You could say this is a very depressive article, and that I should seek mental health support. But I could pretty much tell you it’s not the case. We are all crazy in some way. And these tormenting questions I put on paper for the first time in years, are part of my crazy world and of many others who have chosen the same path I’m sure. I hope this way to be able to help them reflect realistically about their career, because what’s the point of living without pondering every action you take? Think once, twice and three times before choosing - and while - undergoing this. Don’t succumb to the pressure around. Society kills you and looks to stereotype your life. Don’t waste your chance of living it the way you want to.

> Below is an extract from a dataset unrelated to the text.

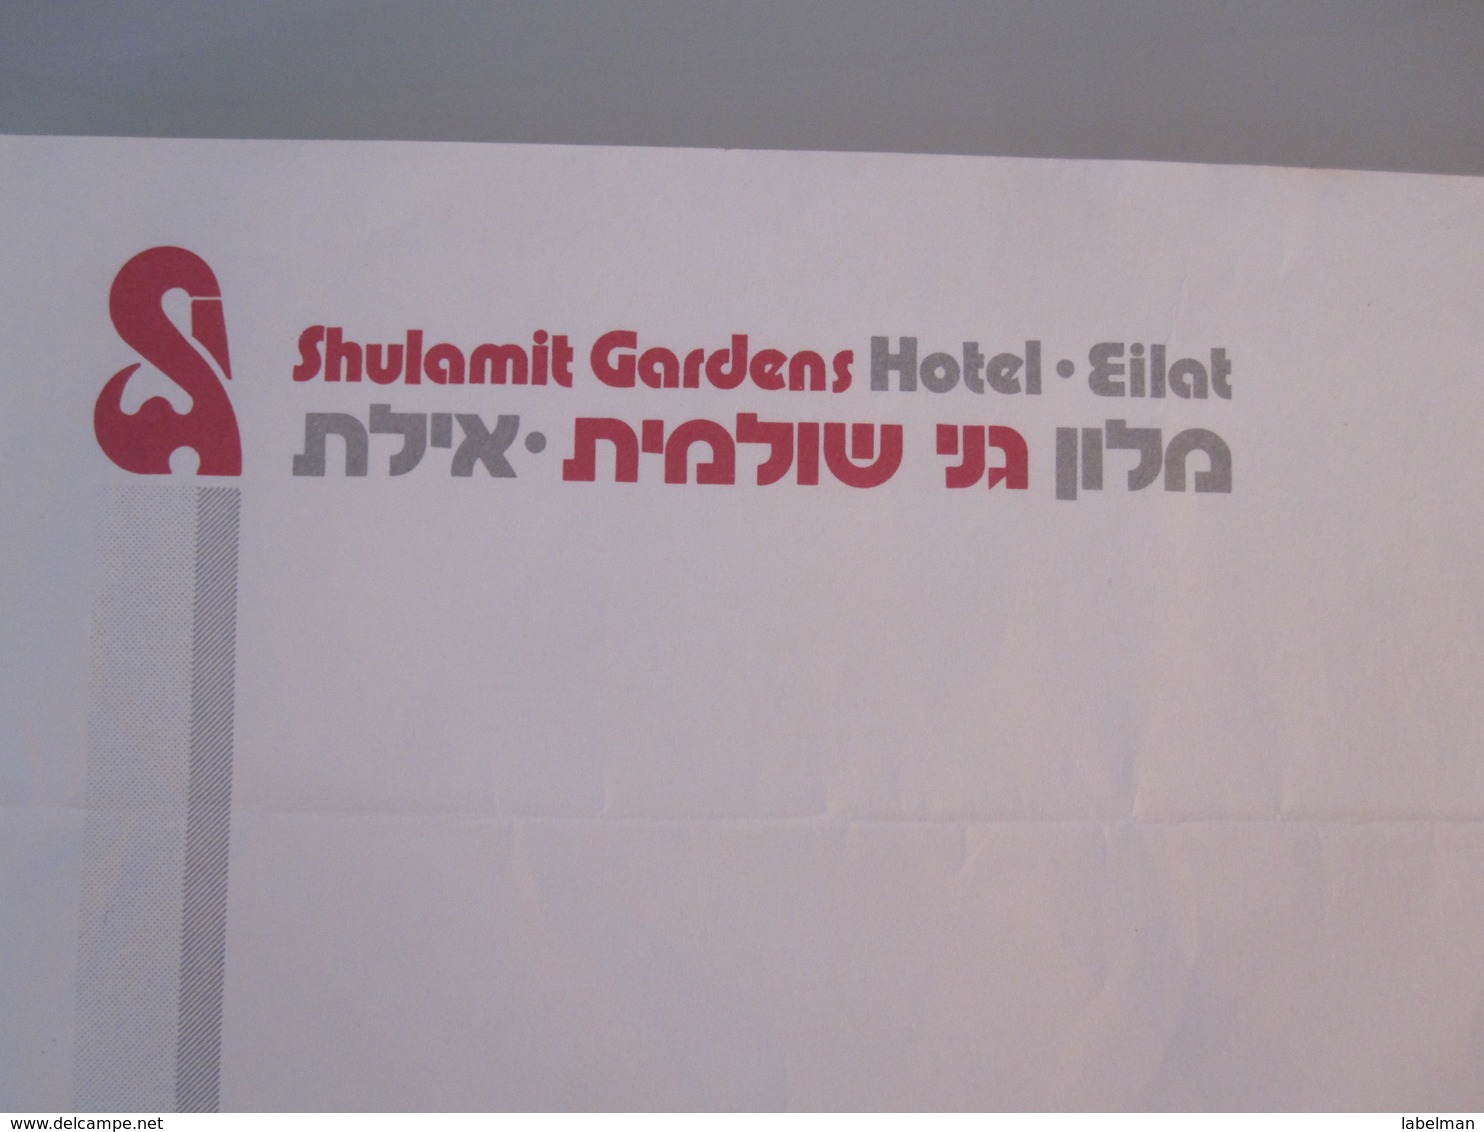 ISRAEL PALESTINE HOTEL HOSTEL GUEST REST HOUSE INN RED SEA EILAT SHULAMIT GARDENS STATIONERY LETTER DESIGN ORIGINAL LOGO - Etiketten Van Hotels

I may contradict myself big time when stating that I am enjoying every second of what I’m doing right now, because nothing beats a patient’s smile and to find yourself able to make a positive change in one’s life, but on the other hand, everything beats a doctor’s path. The job might be tiring and rewarding, but it comes too late, when there’s nothing left inside of you.

And if you take me back today to the same moment in 2008 when I said yes to med school, and ask me the same question again, I wouldn’t sincerely know what my answer would be. Maybe in a few years’ time, I will look back at this post and smile, but right now, all I wish for is to live a few years at least for myself, and myself only.